I listened to a podcast with Yo-Yo Ma, and he said something that resonated: When he plays concerts, he considers the audience his guests — and his job is to be a host. But here’s the good part:
He isn’t there to prove something. He’s there to share something.
I spend a lot of time trying to prove myself. Often in social situations, I find myself thinking about how to show how great I am — because I want other people to think I am a decent person. But the best conversations, the ones where I come away feeling wonderful, are the ones where we mutually share ideas and stories.
In the last few months, I’ve grown to dislike a lot of things on the internet. Things like Twitter and Facebook use the word “share” to describe the act of posting something for others to see. But sharing is most often about wanting to build up one’s self, rather than wanting to bring someone else into a world that is delightful or heartbreaking or fascinating.
So while avoiding the internet, I’ve been writing a book. But I often asked myself why I was doing this. Often the answer was that I wanted to be someone who wrote a book. It was a bad answer. What makes a wonderful author is the stories she shares, not the words she amasses.
The combination of the aforementioned things — 1) watching the world show off how great they are, and 2) my inability to write a halfway decent book — has made me wonder whether I am capable of such things. Maybe I lost it.
But one of my favorite professors, Red Burns, once said, “Creativity is not the game preserve of artists, but an intrinsic feature of all human activity.” It implies that every human being has the capability to communicate in ways that are uniquely and delightfully them — and we can't help but use it. This means, no matter your intelligence or experience, you can create beautiful things.
Now, it’s possible I subscribe to this “everyone can do it” philosophy because I’ve hit enough barriers to know that I am not supremely talented in any way. Sure, I think I’m good at certain things, but I’m often astonished and jealous of the talent others have to work with. So maybe it’s my way of coping — my way of keeping the dream alive.
But Red also believed that you shouldn’t use creativity to build up yourself or to dabble in your own brain. She believed it was all a means to an end: improving people’s lives. To share.
I used to question this notion. After all there is the stereotype of the brilliant artist who is lost in his own mind. But Yo-Yo Ma — a man who has reached the peak of his profession and is nothing short of a brilliant artist — said that he’s not out there to prove that he’s the best. Rather, he’s there to share. And that is just wonderful. He’s seen over the mountain, and he says there is no merit to doing things just to show how good you are.

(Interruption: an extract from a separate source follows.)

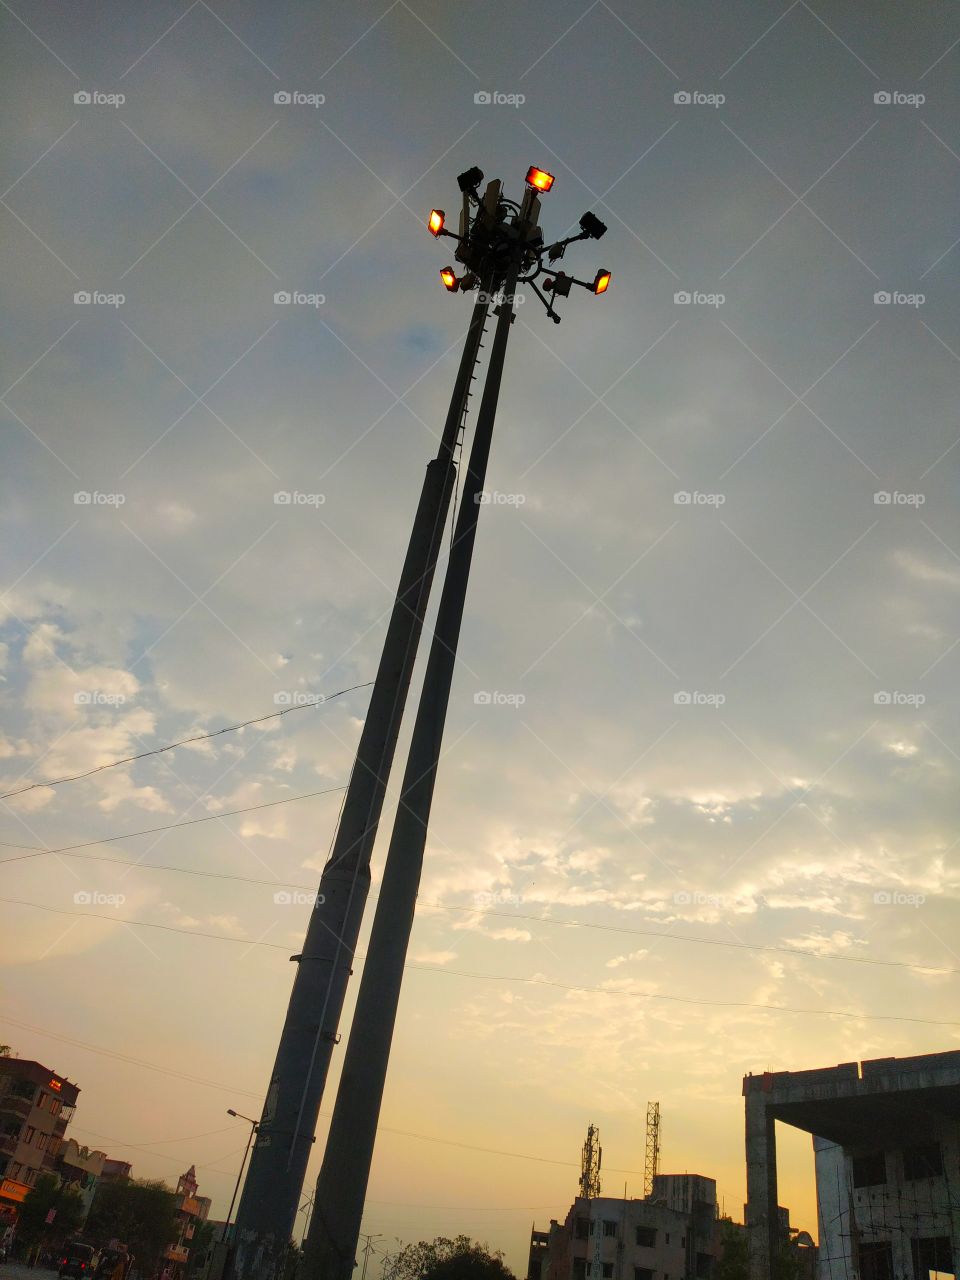 light pole
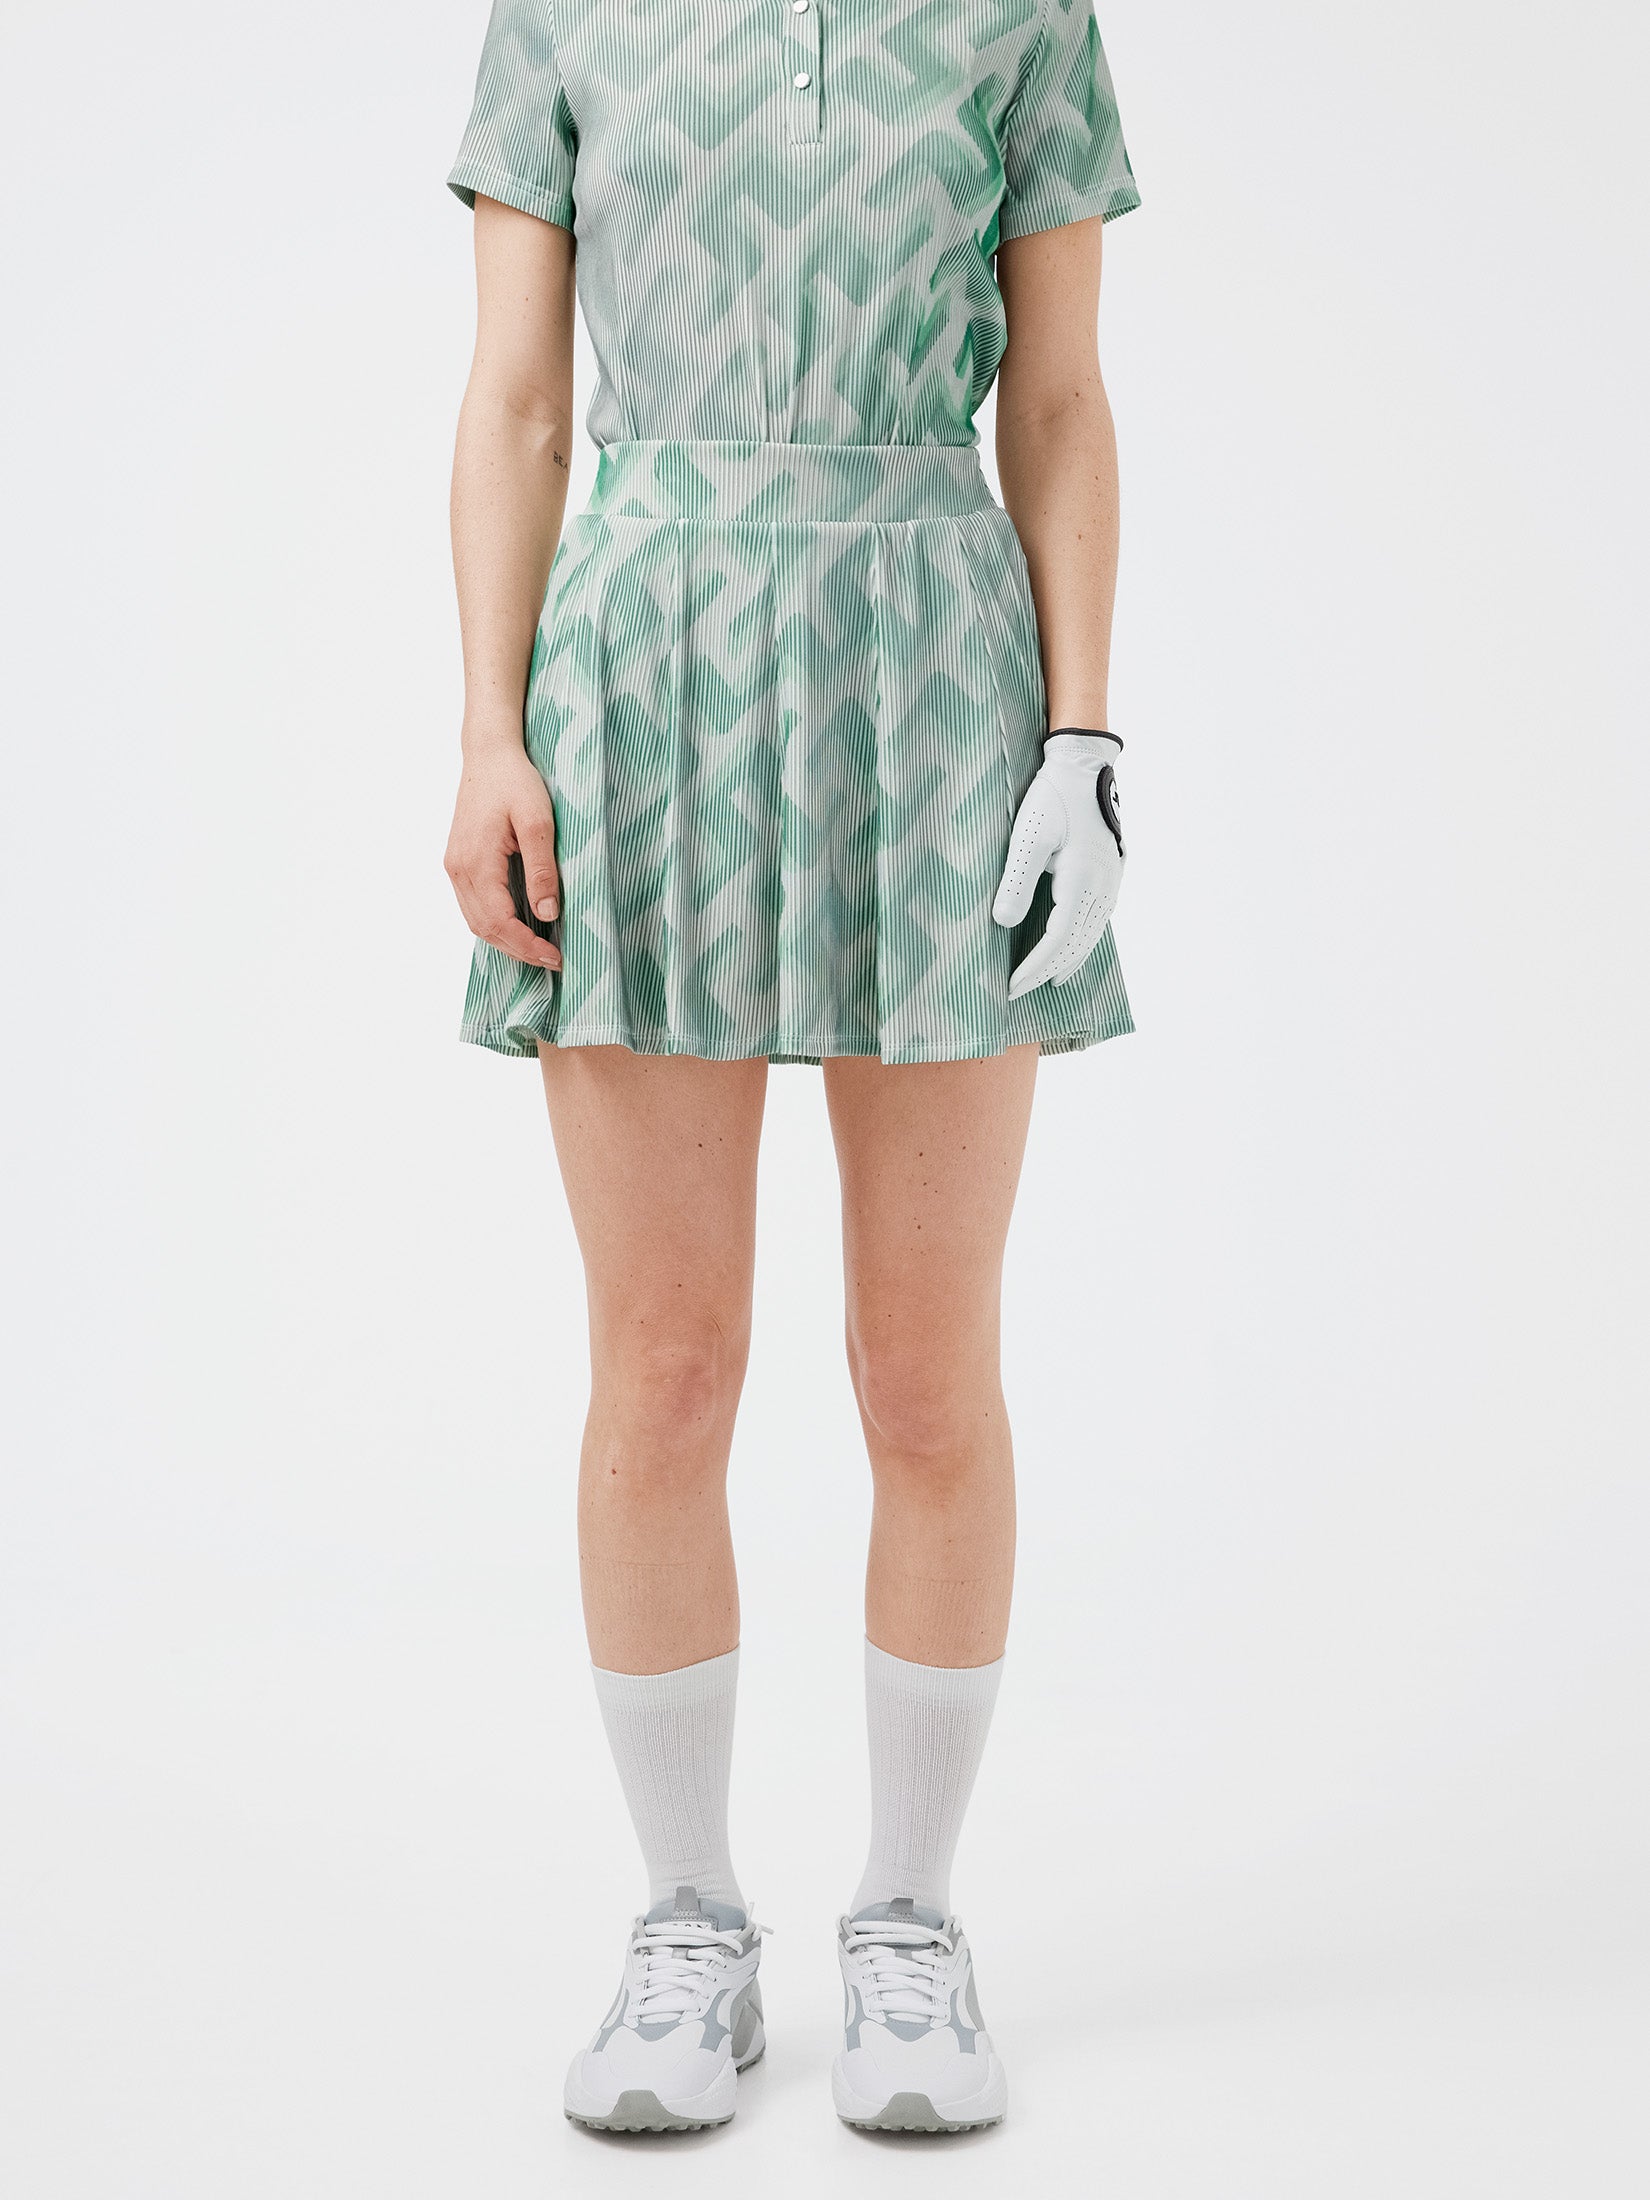 J.LINDEBERG Jolie 3D Print Golf Skirt

I’ve been thinking a lot about the idea of regret. When people turn 50, or 60, or on their deathbed, what do they regret? I always read these stories on top five things people regret on their death bed, and I’m always amazed with is how many of them have to do with sharing — sharing feelings, sharing friendships, sharing honestly.
(An aside: I often think these are regrets I could have in life. But many of these are remedied by spending time to write — working less, expressing how I feel, spending time doing what I want, letting myself be happier. And when I write, friends tend to reach out to me, too.)
At age 27, I often think about what my life would be like if I’d made other decisions. I struggle with the success of others around me, as they earn job titles and raises and awards that sound a hell of a lot better than mine. I struggle with seeing others accomplish things and experience things that I always wanted to do. It’s not so much regret, because I still think everything could work itself out, but it’s the idea that I could one day regret it. It’s the idea that I’ll always want to be proving myself because I never accomplished what I wanted to — I never turned into the person I wanted to.
But Yo-Yo Ma said this wonderful thing about how he started playing the cello. He said, as a kid, he wanted to play a big instrument — an oversized bass — but his parents would only get him the next biggest: the cello. “I’m a firm believer of accidental meetings between objects, people, circumstances. Because so much of my life seems to have been orchestrated in that way.”
The way I see it (or am trying to see it), you don’t need to play the oversized bass to be a wonderful person — an accomplished person who creates meaningful things. Rather, you merely have to be open to serendipity. And when the world turns your way, you’ll have the chance show how great you are — but the better alternative will always be to use that energy to show others how great they are.
One of my favorite videos in the world is Yo-Yo Ma’s appearance on Mister Roger’s Neighborhood. In it, Yo-Yo Ma plays a song for Mr. Rogers — and Mr. Rogers says, “Do you know what a present that is when you play something for someone? It’s just like giving them a present!”